In the midway of this our mortal life,
I found me in a gloomy wood, astray,
Gone from the path direct: and e’en to tell
It were no easy task, how savage wild
That forest, how robust and rough its growth,
Which to remember only, my dismay
Renews, in bitterness not far from death.
Neither Bunyan’s pilgrim in his City of Destruction, nor his City of Mansoul beleaguered by fierce foes, is quite so human or quite so convincing as this weird scene in the forest. The gloom, the loneliness, the silence, and the absence of all hints as to a [187] way out of his misery; these make up a scene that combines all the elements of adventure with all the elements of reality. Dante was lost, and knew it.
II
The poet cannot tell us by what processes he became entangled in this jungle. ‘How first I entered it I scarce can say.’ But it does not very much matter.
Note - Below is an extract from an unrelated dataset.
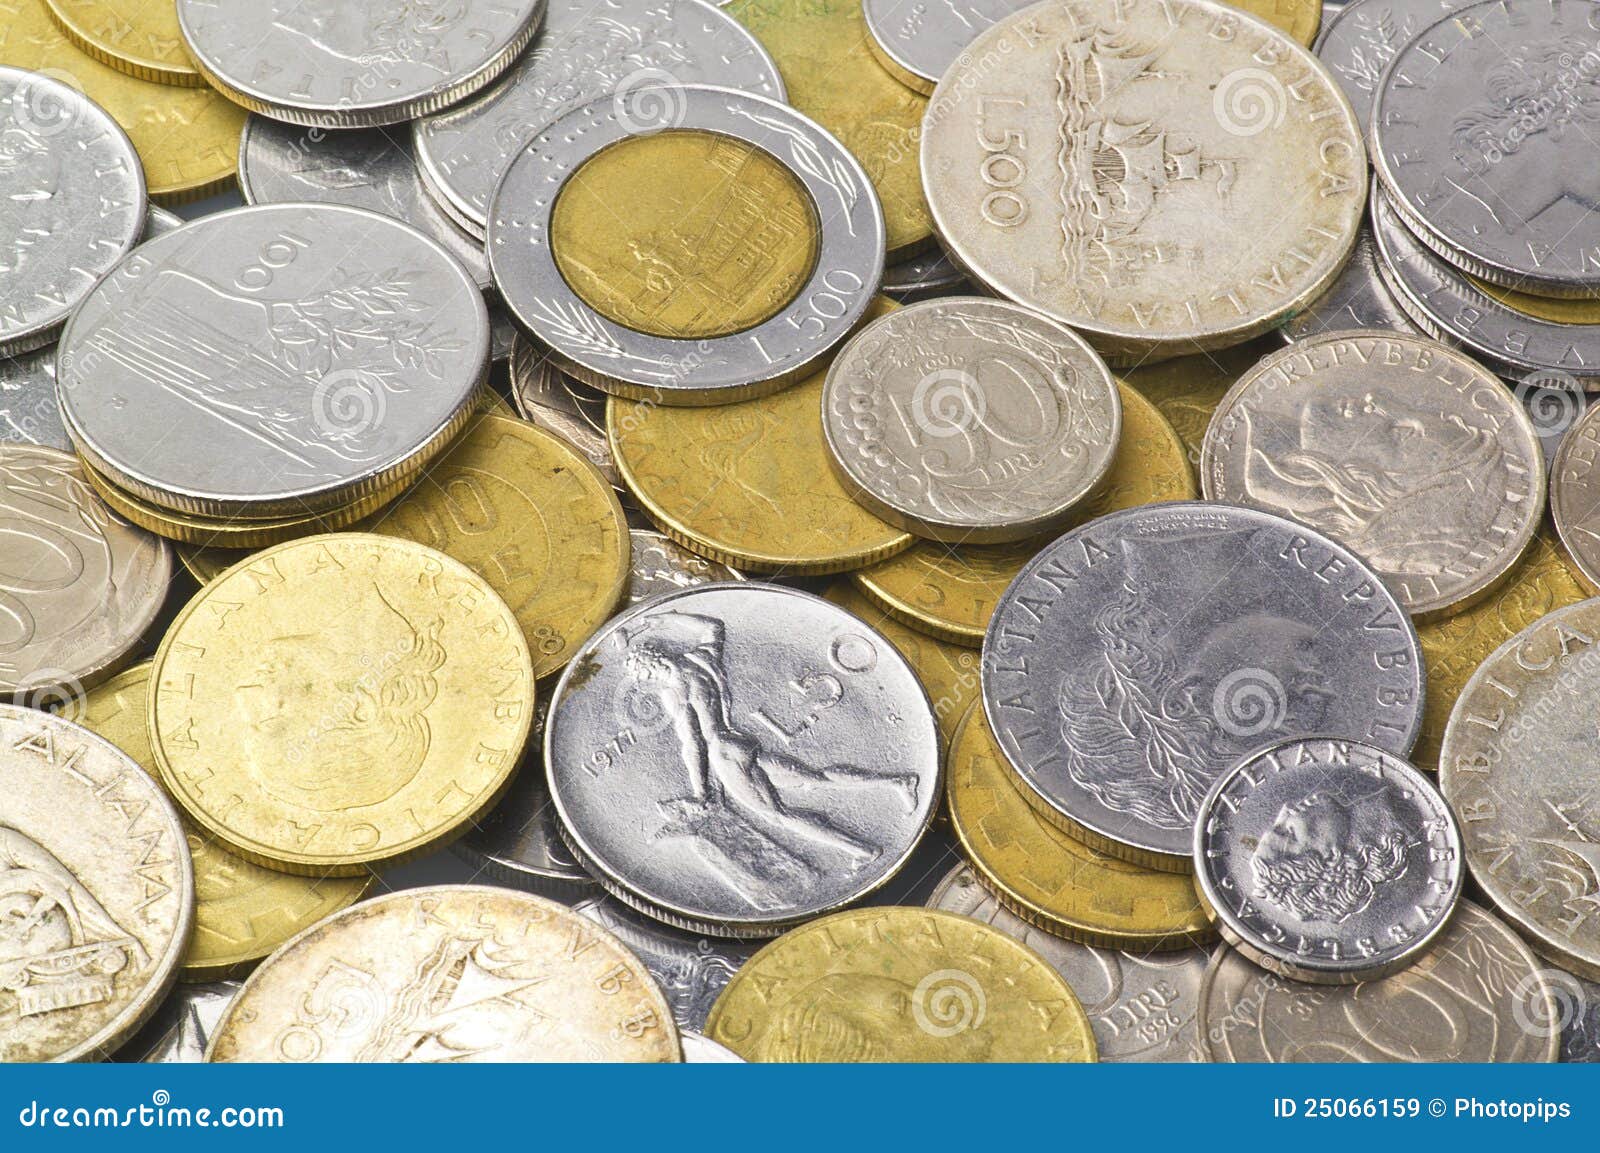 Купить много монет. Итальянские монетки. Много монет. Монеты Германии в куче. Куча монеты Австрии.

The way by which he escaped is the thing that concerns us; and to this theme he bravely addresses himself. In his description of his earliest sensations in the dark forest, several things are significant. He clearly regarded it as a very great gain, for example, to have discovered that he was lost. ‘I found me,’ he says, ‘I found me in a gloomy wood, astray.’ Those three words, ‘I found me,’ remind us of nothing so much as the record of the prodigal, ‘And he came to himself.’ I am pleased to notice that it is of the incomparable story of the prodigal that Dante’s opening confession reminds most of his expositors. Thus, Mr. A. G. Ferress Howell, in his valuable little monograph on Dante, observes that this finding of himself ‘shows that he has got to the point reached by the prodigal son when he said, “I will arise and go to my father.” He found, that is to say, that he had altogether missed the true object of life. The [188] wild and trackless wood,’ Mr. Howell goes on to observe, ‘represents the world as it was in 1300. Why was it wild and trackless? Because the guides appointed to lead men to temporal felicity in accordance with the teachings of Philosophy, and to eternal felicity in accordance with the teachings of Revelation—the Emperor and the Pope—were both of them false to their trust.’ So here was poor Dante, only knowing that he was hopelessly lost; and unable to discover among the undergrowth about him any suggestion of a way to safety.